If a giant system you don’t fully manually oversee, don’t understand, and don’t control, starts wanting something, it can get what it wants, and there’s no reason why the whole thing will be optimising for anything in the direction of what small parts of it would’ve been fuzzily optimising for, if left to their own devices
I think you haven’t identified an important crux. I outlined it somewhat in https://www.lesswrong.com/posts/Tnd8xuZukPtAu5X34/you-need-to-solve-the-hard-parts-of-the-alignment-problem. Something like “running one ~human-level AI researcher at ~human speed safely can be done without understanding minds, agency, or how that particular AI system works; but when you run a lot of these systems at many x human speed, if you don’t understand the whole system and why it’s directed at something you’ve defined, it won’t be; there are many dynamics that aren’t important or catastrophically dangerous in one human-level system, but that will make the whole system go off rails if you have this giant system made of many small ones”
Thanks for the comment.
I think there’s a possibility that there could be dangerous emergent dynamics from multiple interacting AIs but I’m not too worried about that problem because I don’t think you can increase the capabilities of an AI much simply by running multiple copies of it. You can do more work this way but I don’t think you can get qualitatively much better work.

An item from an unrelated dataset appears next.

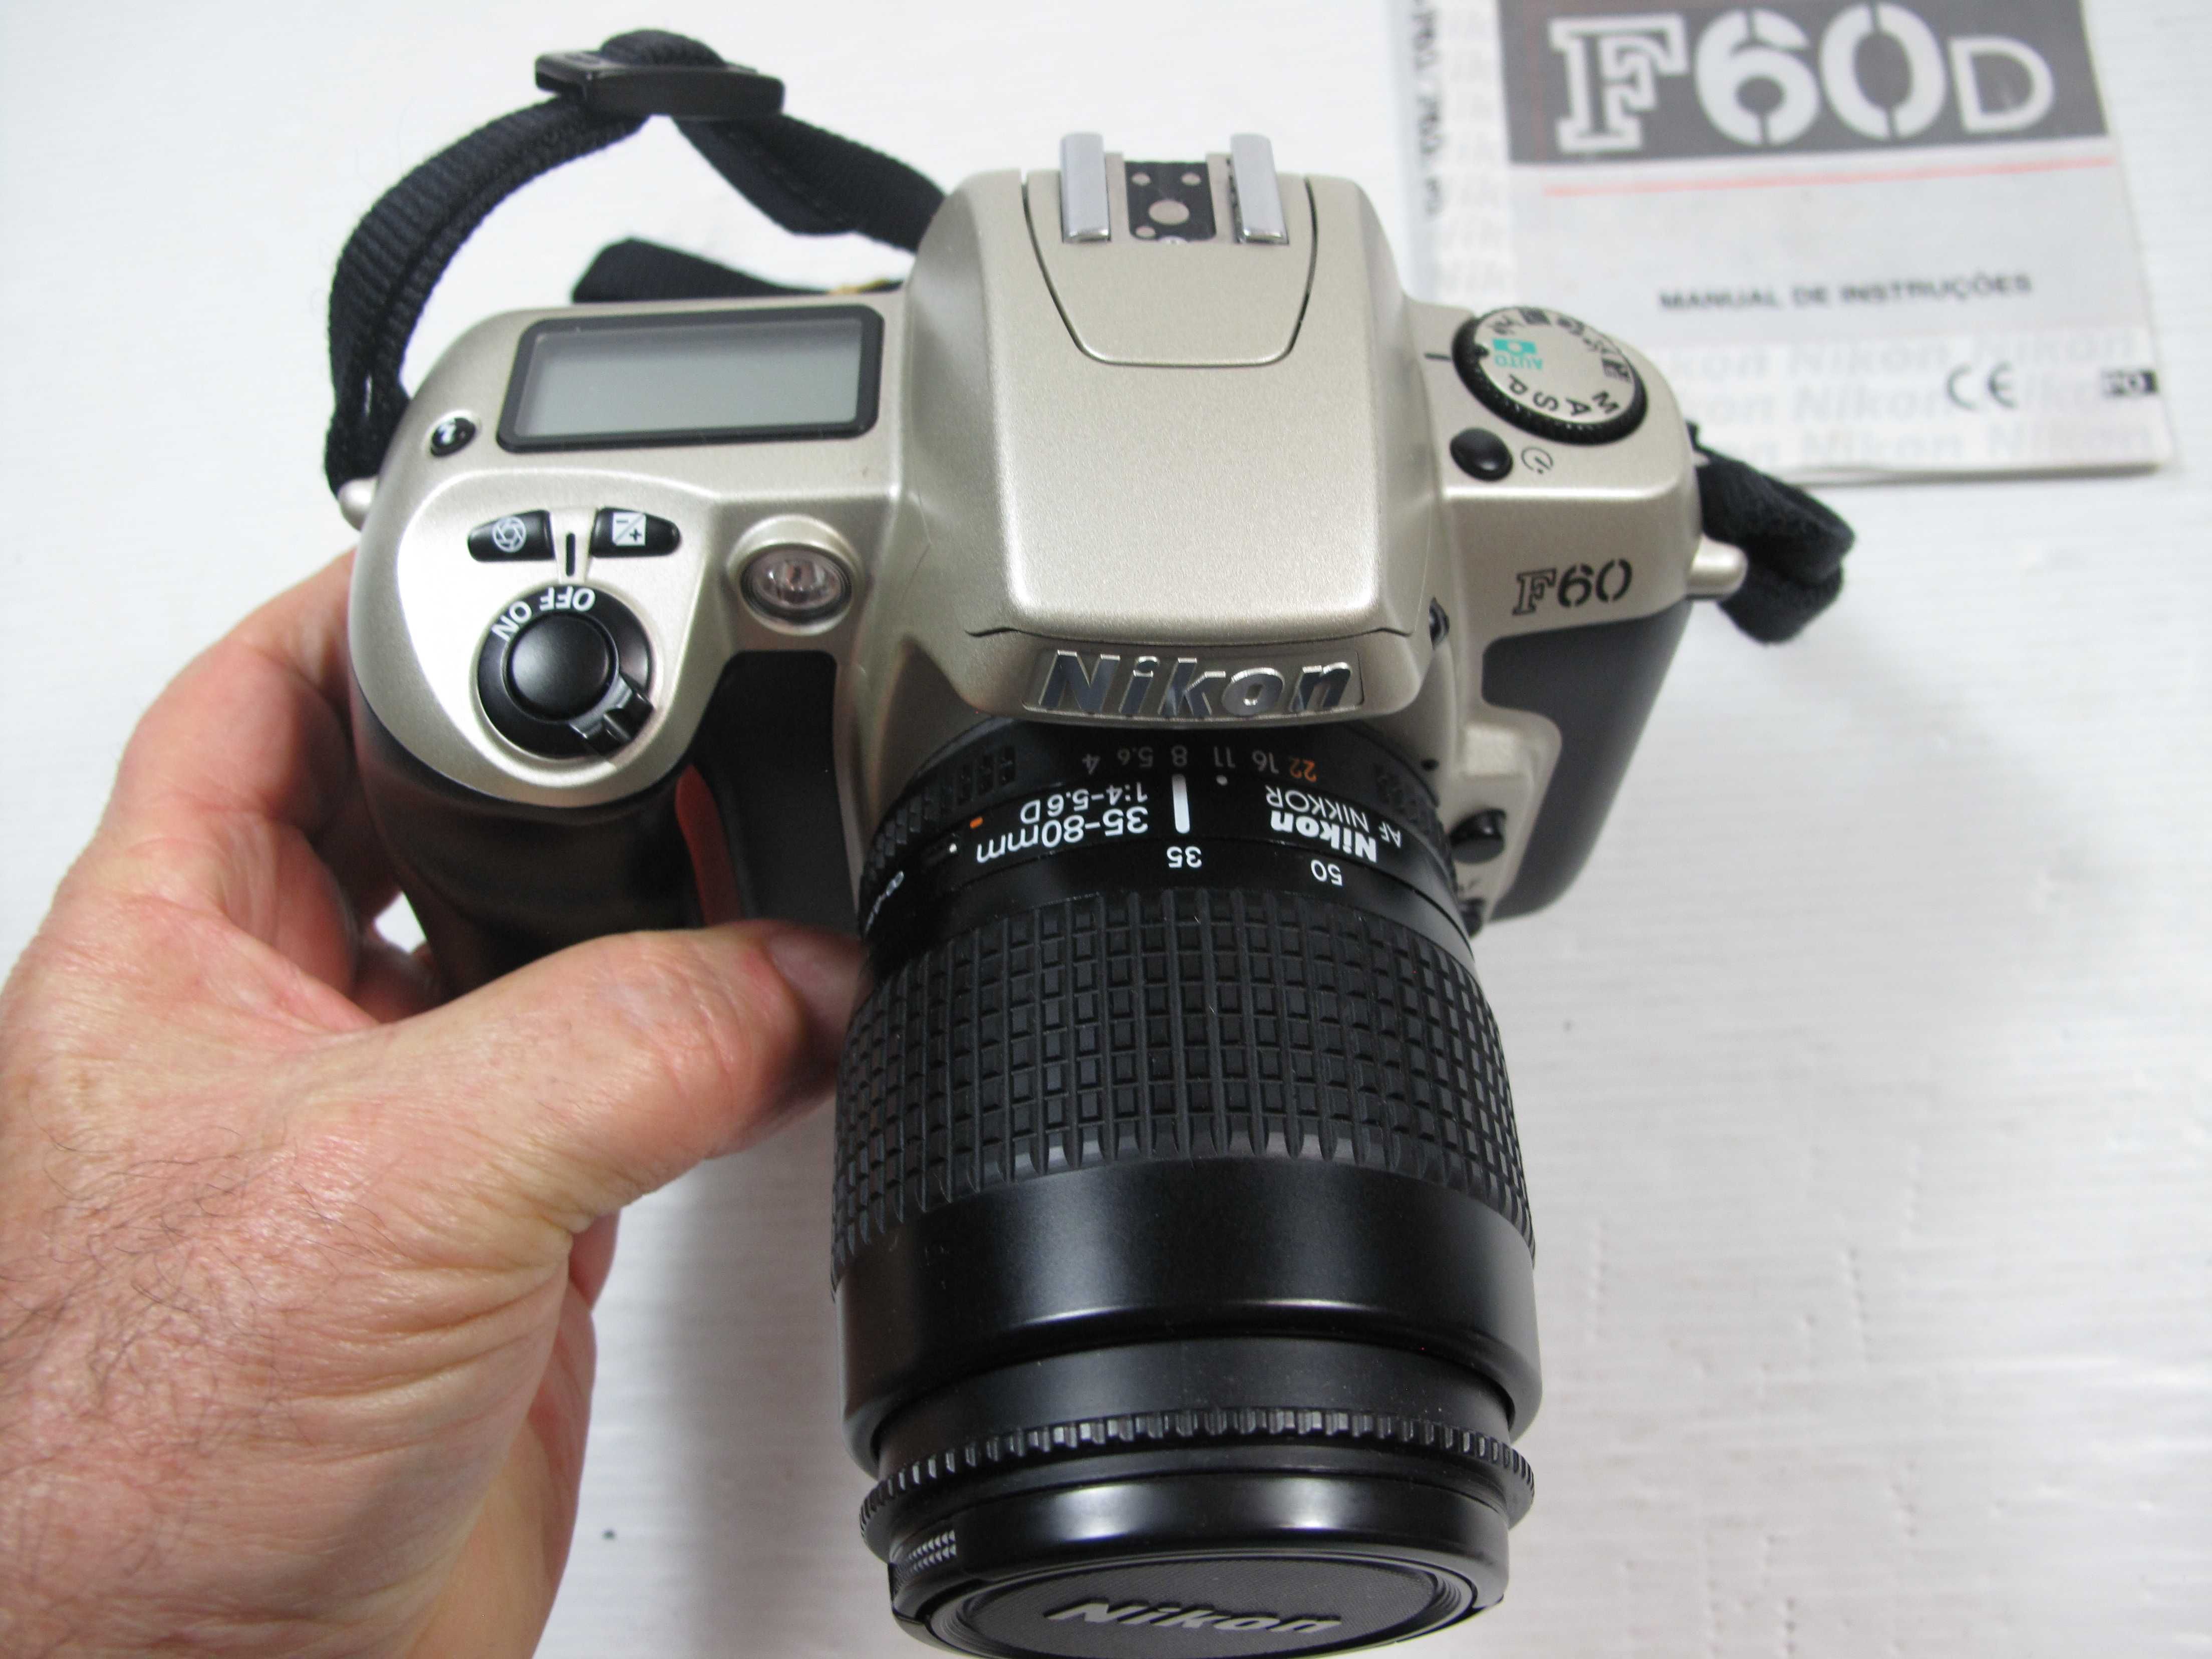 Nikon F60+35-80 excelente conforme conforme se pode ver nas fotos

OpenAI created GPT-4 by training a brand new model not by running multiple copies of GPT-3 together. Similarly, although human corporations can achieve more than a single person, I don’t consider them to be superintelligent. I’d say GPT-4 is more capable and dangerous than 10 copies of GPT-3.
I think there’s more evidence that emergent properties come from within the AI model itself and therefore I’m more worried about bigger models than problems that would occur from running many of them. If we could solve a task using multiple AIs rather than one highly capable AI, I think that would probably be safer and I think that’s part of the idea behind iterated amplification and distillation.

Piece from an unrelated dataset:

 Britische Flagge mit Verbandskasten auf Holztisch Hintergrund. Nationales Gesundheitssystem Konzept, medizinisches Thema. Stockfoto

There’s value in running multiple AIs. For example, OpenAI used multiple AIs to summarize books recursively. But even if we don’t run multiple AI models, I think a single AI running at high speed would also be highly valuable. For example, you can paste a long text into GPT-4 today and it will summarize it in less than a minute.
This is a problem with both the Superalignment team and the Conjecture’s approach. If you need one human-level researcher so much, you can simply hire someone!
If you run significantly more than one human-level researcher at 1x human speed, you need to explain why the whole system is aligned. “It’s made out of parts that don’t really want to kill you or wouldn’t succeed at killing you” tells nothing about the goals the whole system might start pursuing
One human-level system can maybe find an important zero-day vulnerability once every couple of months. If there are thousands of these systems, and they work much faster, they can read GitHub, find thousands of zero-day vulnerabilities, and hack literally everything. If one system really wanted to do something, it probably simply wouldn’t be able to, especially if the humans are looking.
If a giant system you don’t fully manually oversee, don’t understand, and don’t control, starts wanting something, it can get what it wants, and there’s no reason why the whole thing will be optimising for anything in the direction of what small parts of it would’ve been fuzzily optimising for, if left to their own devices
Why would this cluster of human level minds start cooperating with each other?